How #digitalhealth is changing doctor-patient relationships
A few days ago, I was skimming my Twitter feed when I saw a post from a major academic medical center. The post, which showed off a group of the center’s specialists, featured five forty-something men and women, grouped in a “C” and dressed so casually that they looked like they were taking their dogs for a walk. (Sort of a “Friends” look, if you ignored the thinning hair and scattered wrinkles.)
Even five years ago, you would never have seen a hospital present their specialists to the public in such an informal manner. No, the men would have been wearing dress shirts and ties, and the women business-like dresses and carefully conservative jewelry, capped, of course, by white lab coats. What’s more, they would have been posed with some sitting and some standing, all staring at the camera rather than paying any attention to each other, a display of powerful experts rather than people.
What a difference a few years of digital health evolution can make.
Today, with mHealth tools and social media putting patients into direct, sometimes intimate contact with their doctor or NP, providers are being nudged into the direction of exposing more of their actual selves rather than hiding behind that white coat.
While they still need to be careful what they say on medical topics, many providers are developing a more casual professional style, a development which is nearly inevitable as they spend increasing amounts of time in the same social sandboxes as patients.

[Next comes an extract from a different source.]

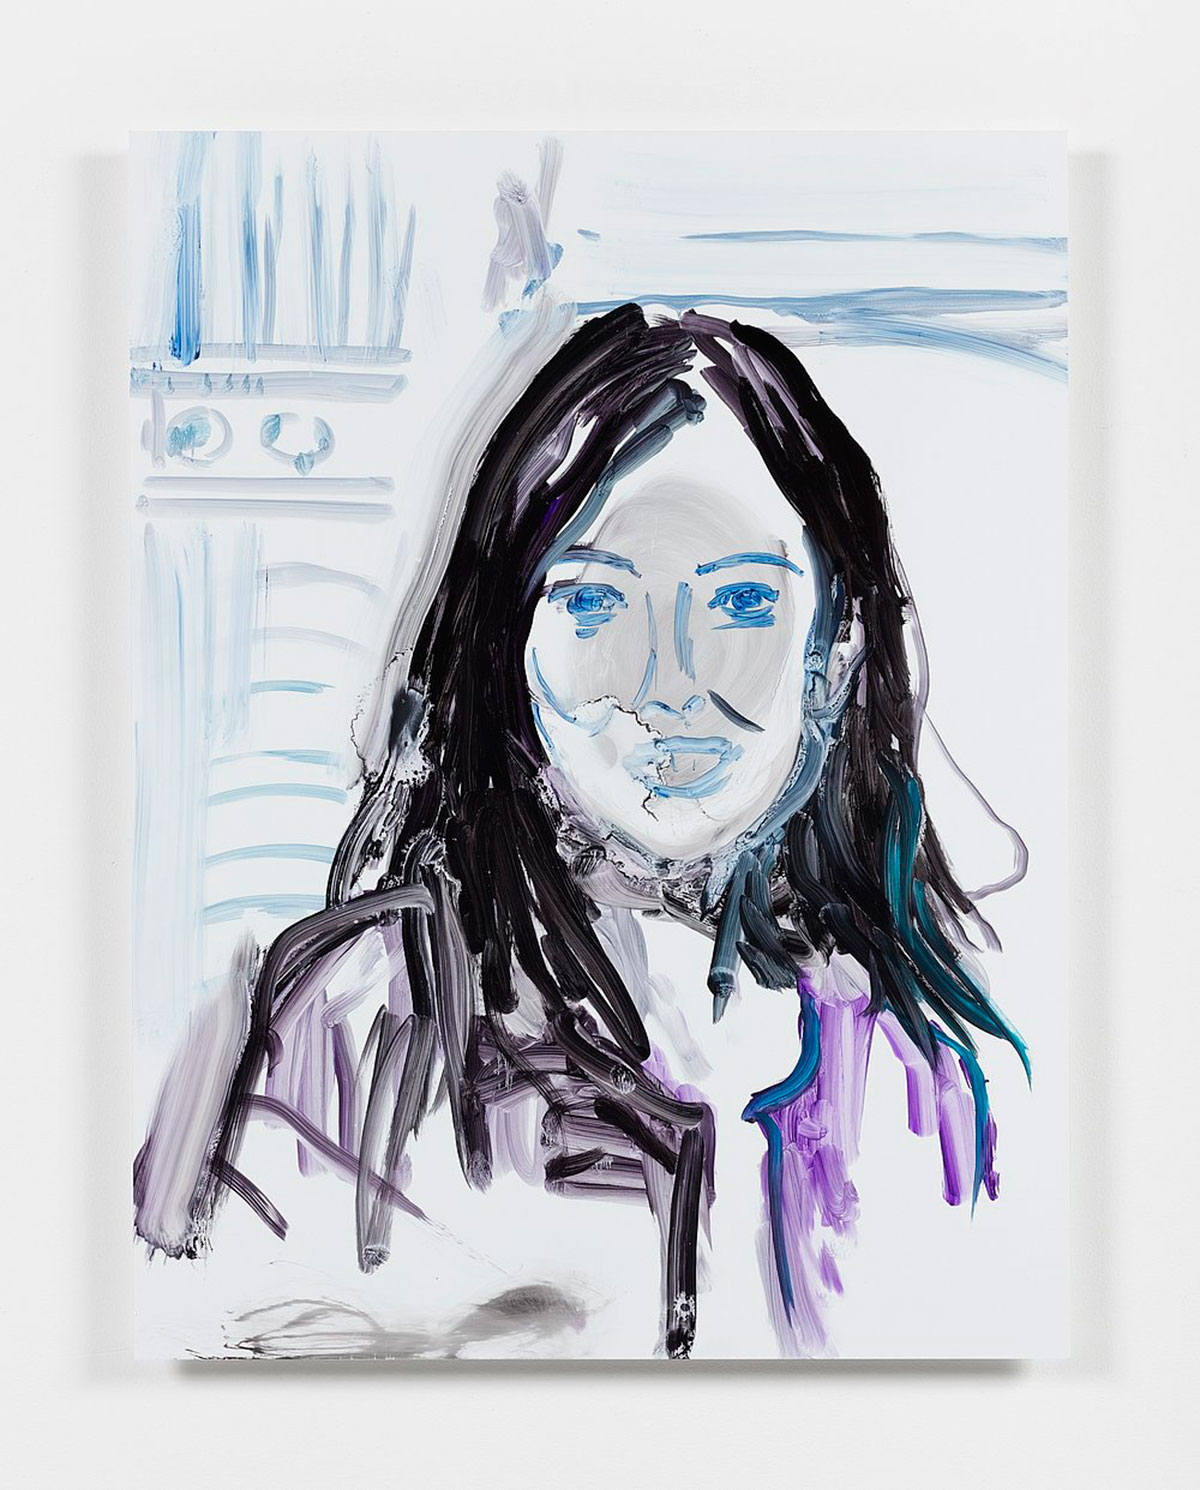 Reena Spaulings, Advisors, Detail 12 (Suzanne Modica), 2016, Acrylfarbe auf Dibond, 86,4 x 66 cm, © Courtesy of the artist, Private Sammlung und Campoli Presti, London/Paris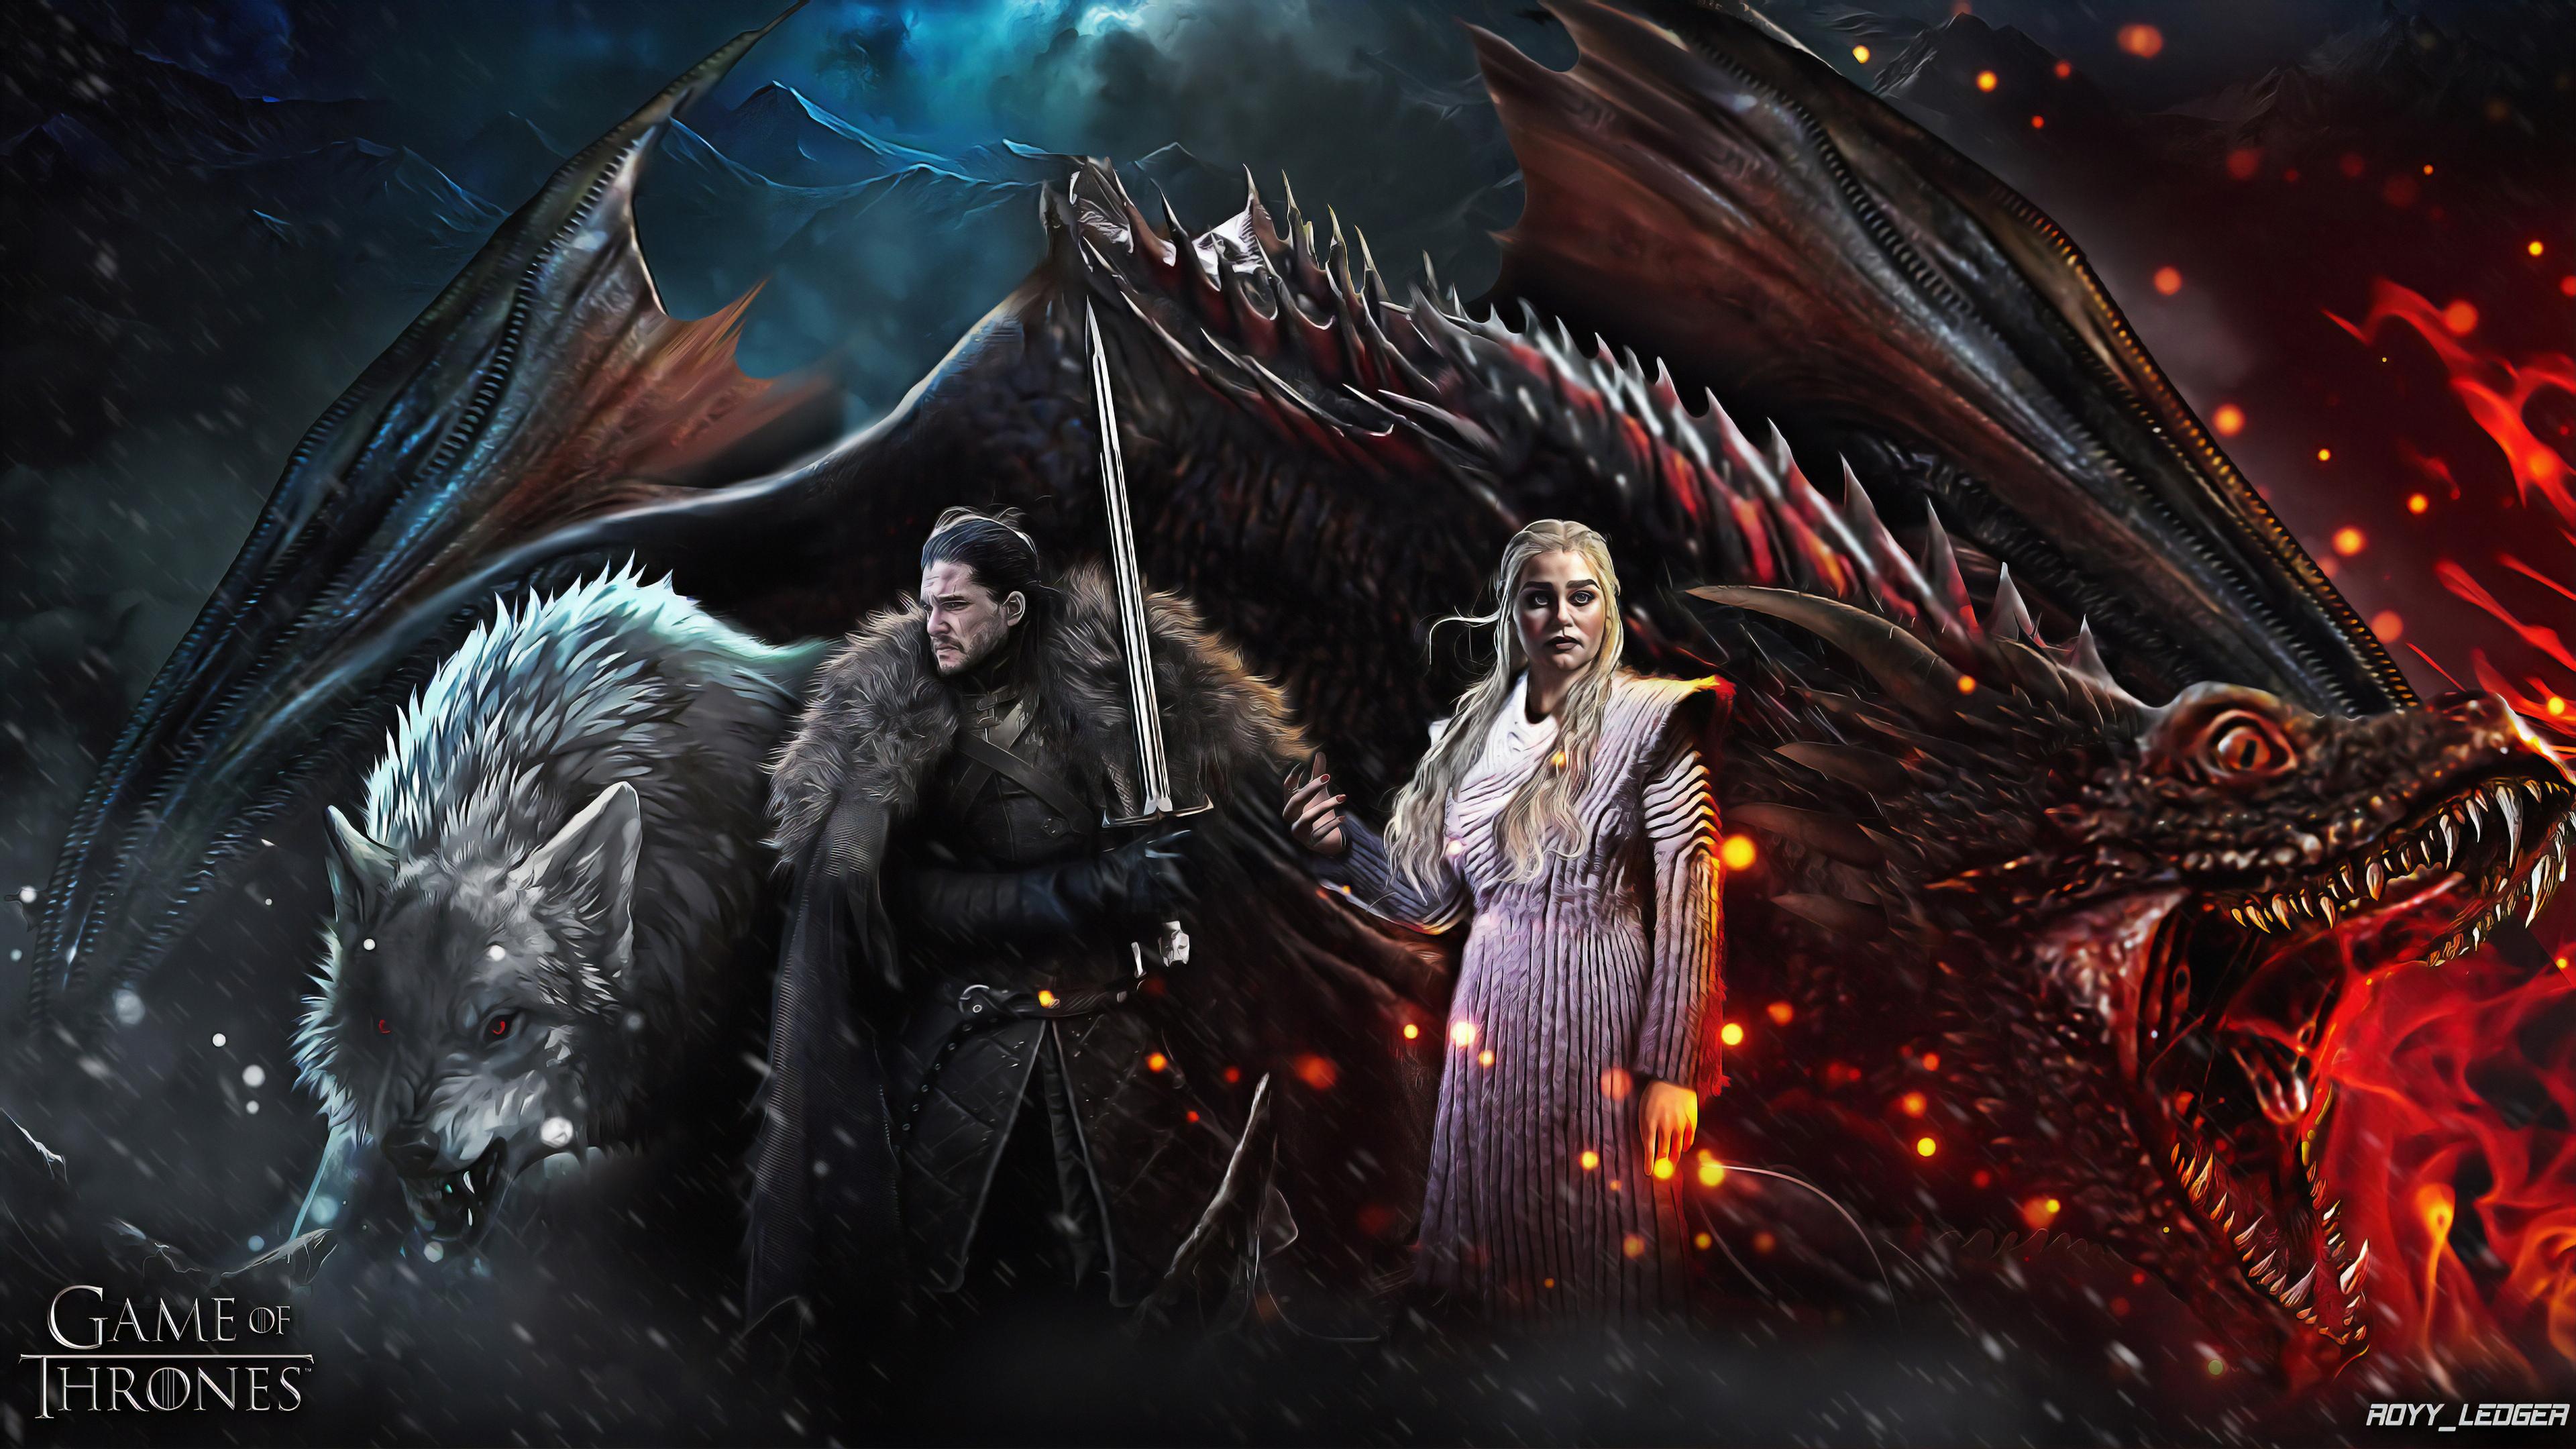 game of thrones season 8 art 1577915090 - Game Of Thrones Season 8 Art -

Also, given the way apps, digital health tools like telemedicine and social media work, providers stand a chance of encountering their patients digitally 24 hours a day, rather than living in a completely separate world. This, too, lowers the barriers between doctors and patients, turning doctors into trusted advisers rather than stern scientists whose word is never to be challenged.
This trend is likely to expand in the future as patients are given some of doctors’ minor superpowers, such as doing their own lab tests or conducting their own ultrasound with a smartphone-connected reader. True, patients have gradually been demanding more power in their medical relationships for quite some time, but with technology leveling the boundaries, the pace of change should accelerate.
Admittedly, both the patient and the doctor will probably go through some difficult moments as they shift dance steps. But if both sides are willing to keep dancing, change will come.